Reputation: 820
I'm trying to emplace_back a vector in a loop with openmp. I took my inspiration from this post : C++ OpenMP Parallel For Loop - Alternatives to std::vector. So I write a test code :
// Example program
#include <iostream>
#include <string>
#include <vector>
#include <random>
#include <chrono>
#include <omp.h>
int main()
{
std::cout << "Numbers of thread available : " << omp_get_max_threads() << std::endl;
std::random_device dev;
std::mt19937 gen(dev());
std::uniform_int_distribution<unsigned> distrib(1, 5);
{
std::chrono::time_point<std::chrono::system_clock> start, end;
start = std::chrono::system_clock::now();
std::vector<std::pair<uint32_t, uint32_t> > result;
#pragma omp declare reduction (merge : std::vector<std::pair<uint32_t, uint32_t> > : omp_out.insert(omp_out.end(), std::make_move_iterator(omp_in.begin()), std::make_move_iterator(omp_in.end())))

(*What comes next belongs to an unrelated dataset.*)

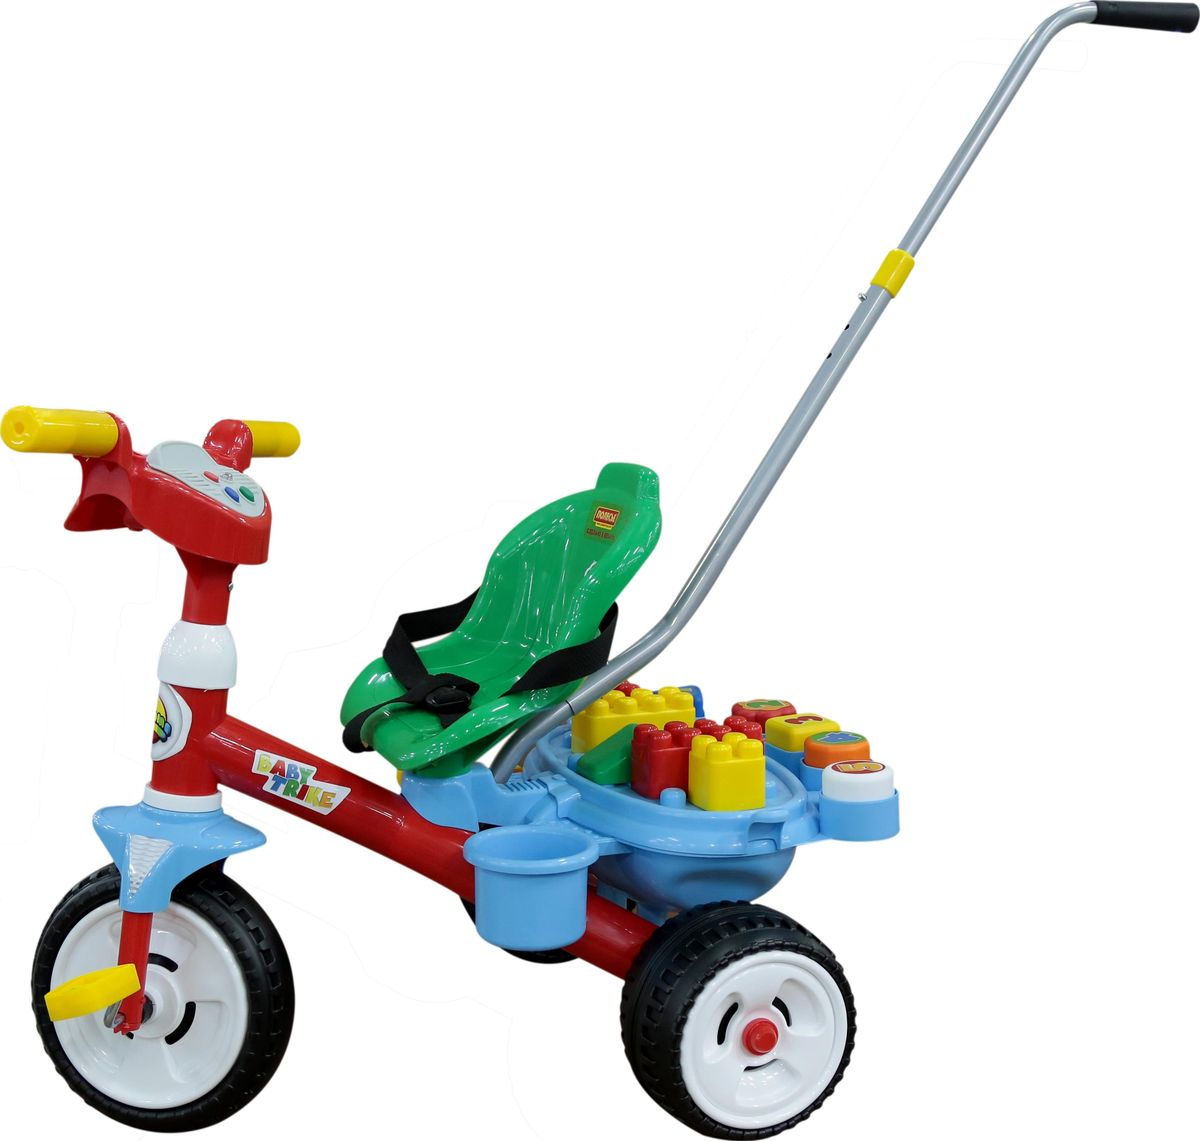 Полесье Велосипед трехколесный Беби Трайк, 46796, цвет в ассортименте
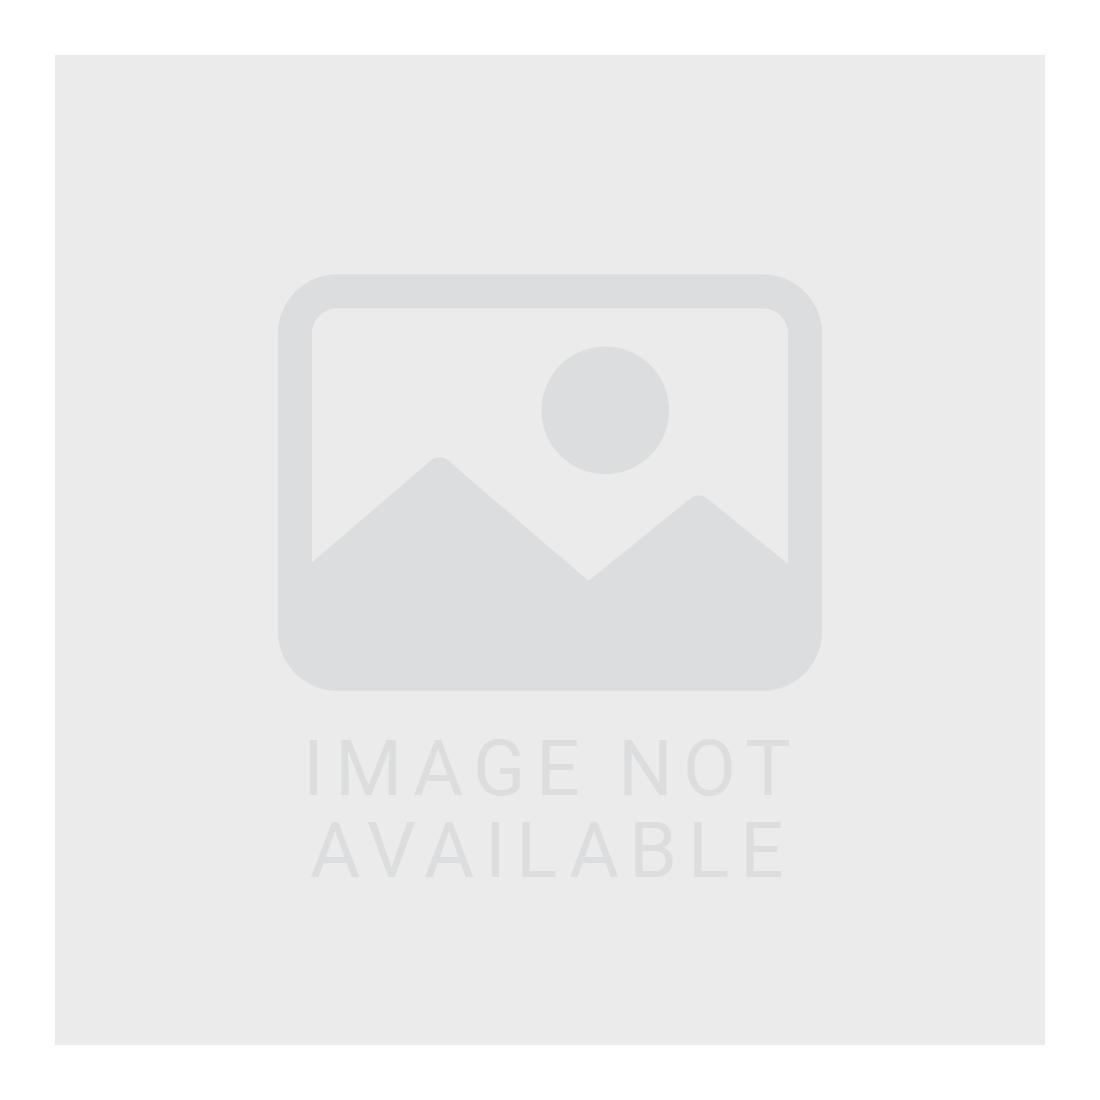 Touchscreen Mechanics Gloves

#pragma omp parallel for reduction(merge: result)
for(int i=0; i<100000000; ++i)
{
if(distrib(gen) == 1)
{
result.emplace_back(std::make_pair(distrib(gen),distrib(gen)));
}
}
end = std::chrono::system_clock::now(); \
auto elapsed_seconds = std::chrono::duration_cast<std::chrono::milliseconds>(end-start).count(); \
std::cout << "With openmp " << " : " << elapsed_seconds << "ms\n";
}
{
std::chrono::time_point<std::chrono::system_clock> start, end;
start = std::chrono::system_clock::now();
std::vector<std::pair<uint32_t, uint32_t> > result;
for(int i=0; i<100000000; ++i)
{
if(distrib(gen) == 1)
{
result.emplace_back(std::make_pair(distrib(gen),distrib(gen)));
}
}
end = std::chrono::system_clock::now(); \
auto elapsed_seconds = std::chrono::duration_cast<std::chrono::milliseconds>(end-start).count(); \
std::cout << "Without openmp " << " : " << elapsed_seconds << "ms\n";
}
}
I compile this code with
g++ -o main -std=c++17 -fopenmp main.cpp
and the output is :
Numbers of thread available : 12
With openmp : 3982ms
Without openmp : 3887ms
Obviously, I don't have any speed up with my openmp implementation. Why ?
Upvotes: 0
Views: 614
Reputation: 50806
The current code is ill-formed regarding the documentation (since the parallelized code contains mostly-implicit dependencies). As a result, an OpenMP implementation is free to generate a fast but completely "wrong" program or a slow "correct" one.
To get a correct implementation and a not-too-bad speedup using OpenMP, one solution is to replicate the generator/distribution in each worker (by moving the variable declarations in a #pragma omp parallel
section) and to add critical sections (using #pragma omp critical
) for the (sequential) emplace_back
.
Due to possible false-sharing and lock-contention, the resulting parallel implementation may scale poorly. It is probably better to generate thread-private arrays and then merge ultimately the sub-arrays in a big shared one rather than using naive critical section (note however that this still not ideal since the computation will likely be limited by the speed of the shared memory).
Please note that the result can be different from the sequential implementation when a specific seed need to be used (here it is not a problem since the seed is extracted from random_device
).
Upvotes: 0